__What you need to do__: In the material below, find the span from the line with "I can also romance" to the line with "My Raspberry Pi" and transcribe only those lines, exactly, ends included, without the pictures.

__Data under study__:
══════════

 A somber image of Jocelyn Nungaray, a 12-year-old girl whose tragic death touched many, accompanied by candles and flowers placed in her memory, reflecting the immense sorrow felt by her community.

══════════

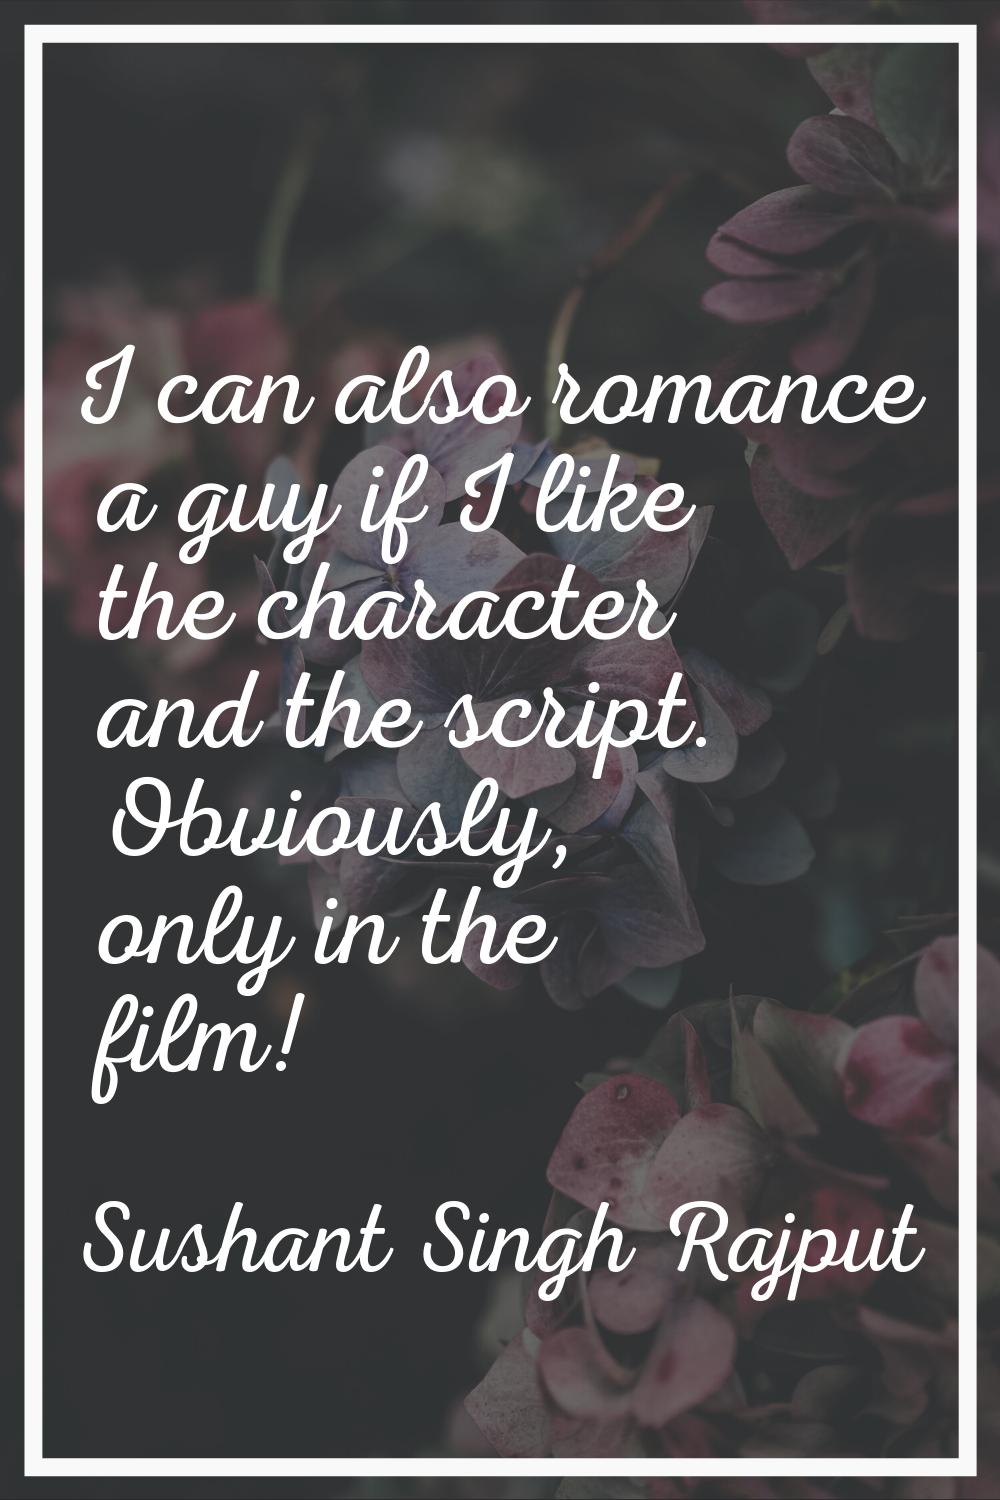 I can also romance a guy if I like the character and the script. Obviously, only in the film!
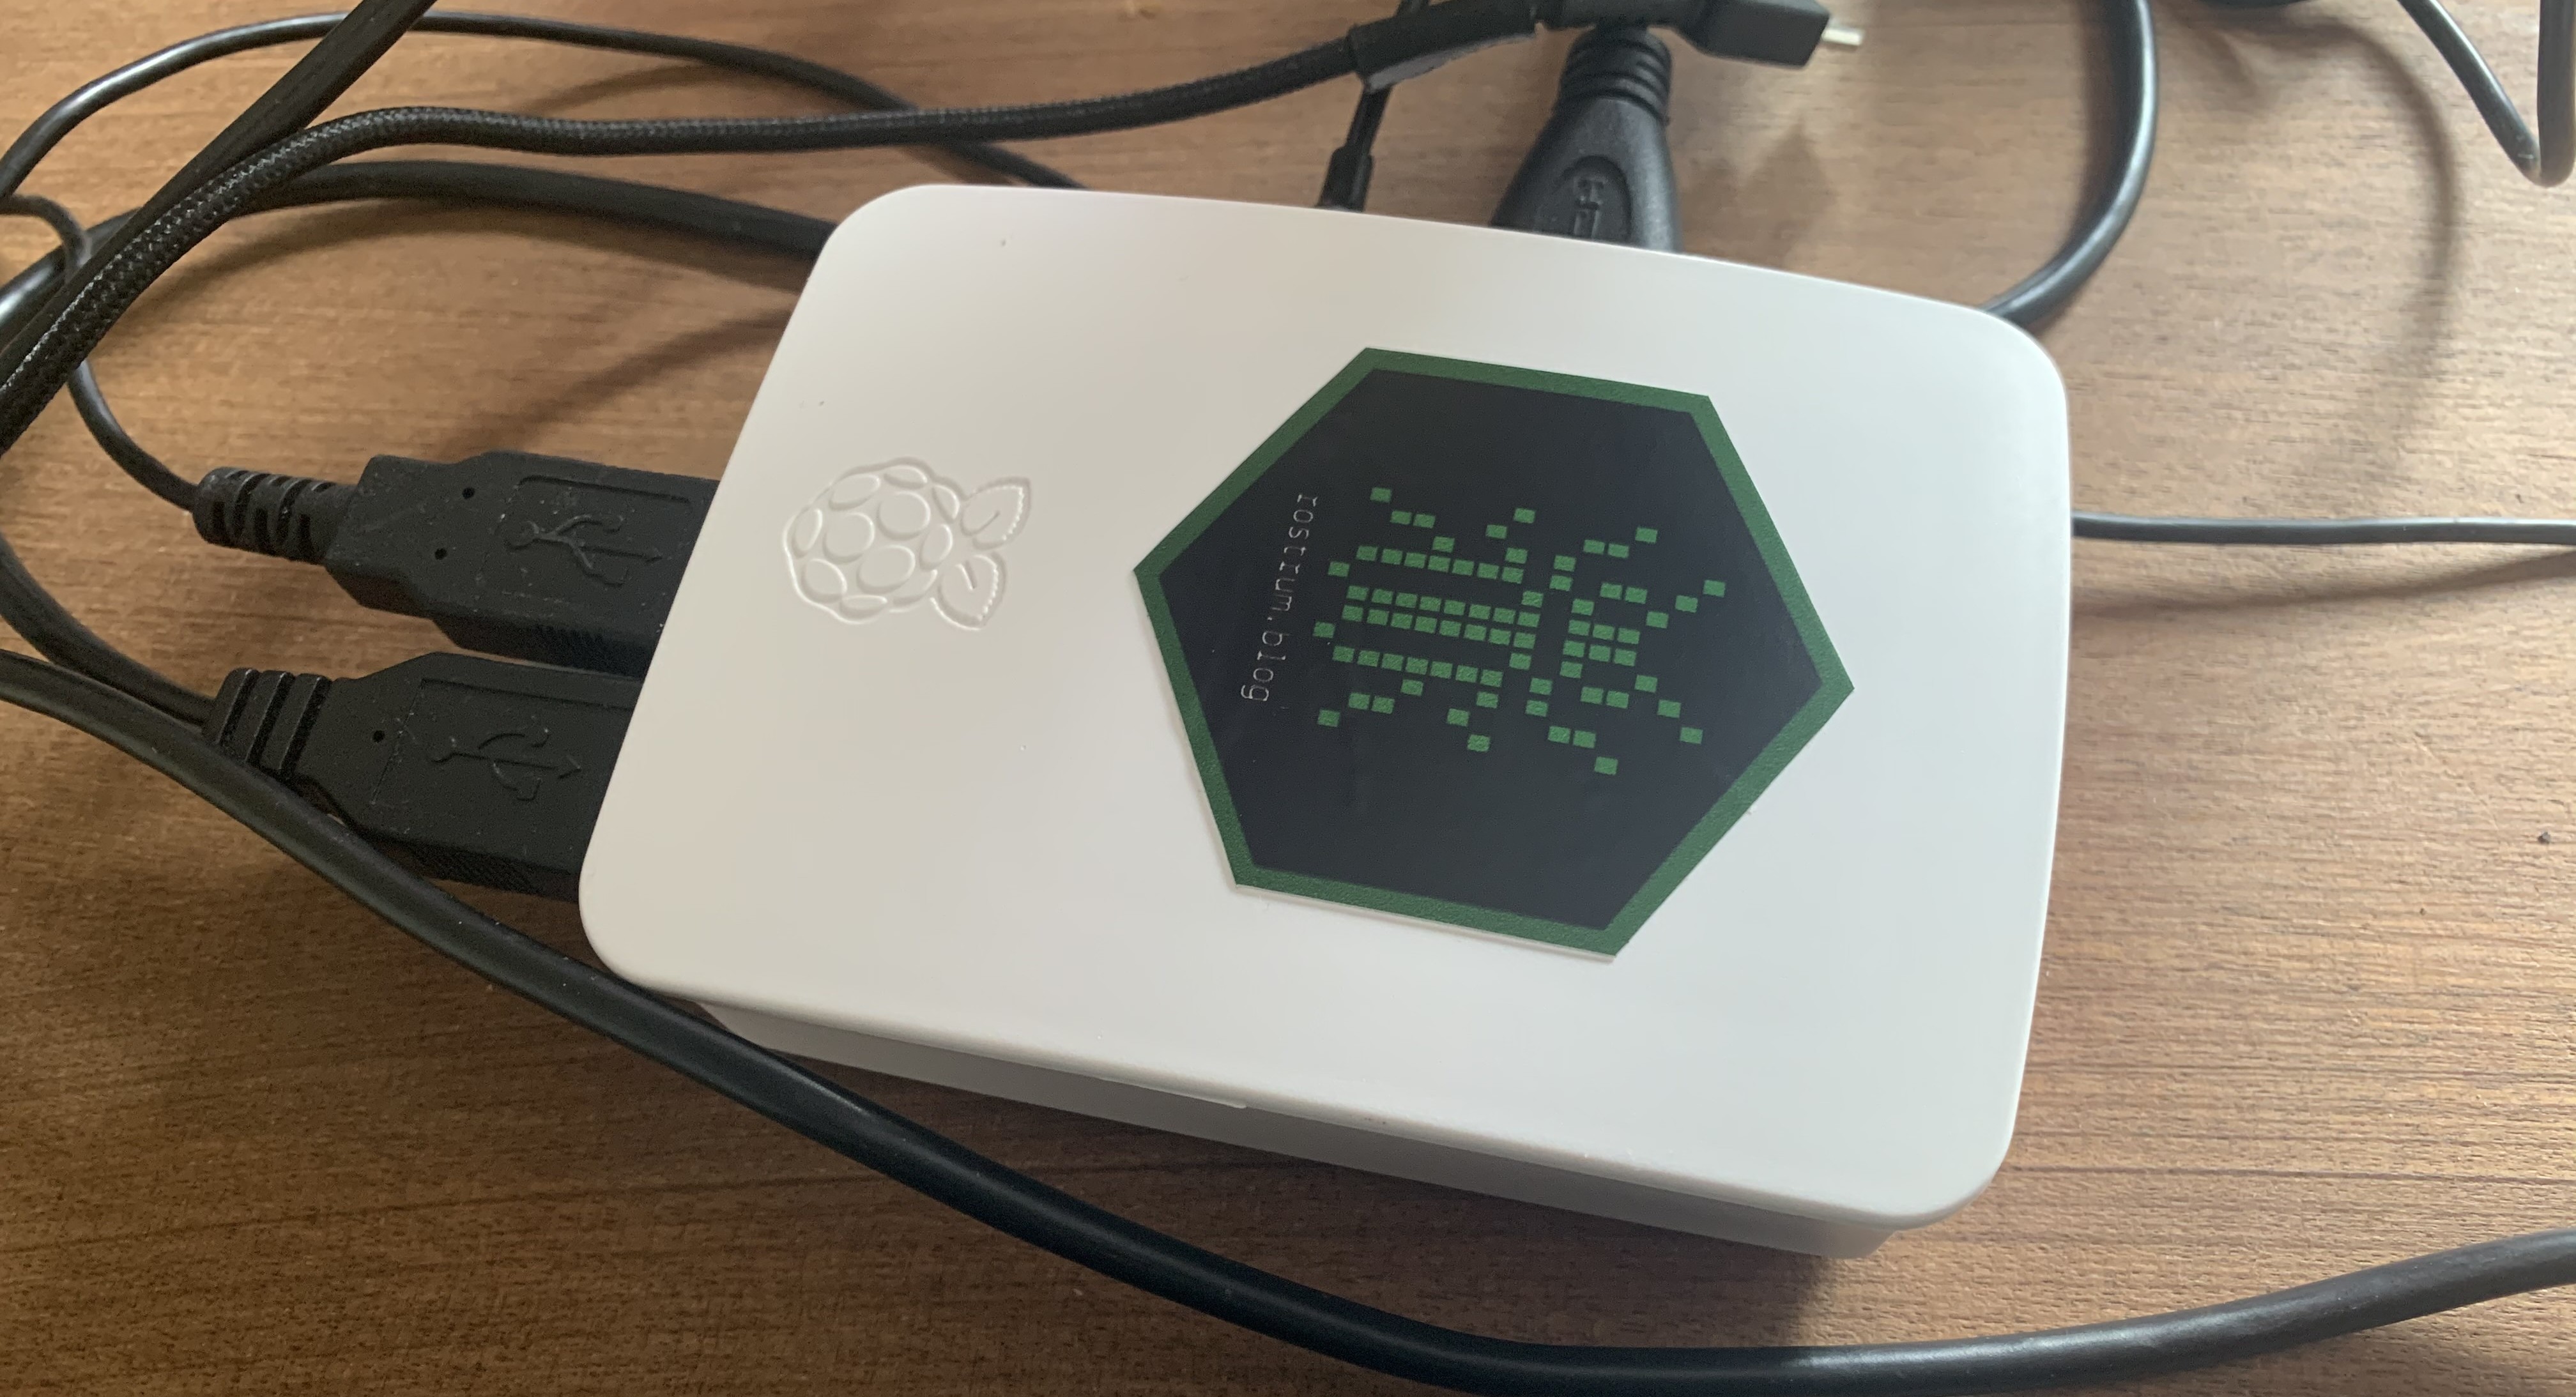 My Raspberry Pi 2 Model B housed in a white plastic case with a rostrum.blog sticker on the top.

══════════

__Solution to this problem__:
 I can also romance a guy if I like the character and the script. Obviously, only in the film!
 My Raspberry Pi 2 Model B housed in a white plastic case with a rostrum.blog sticker on the top.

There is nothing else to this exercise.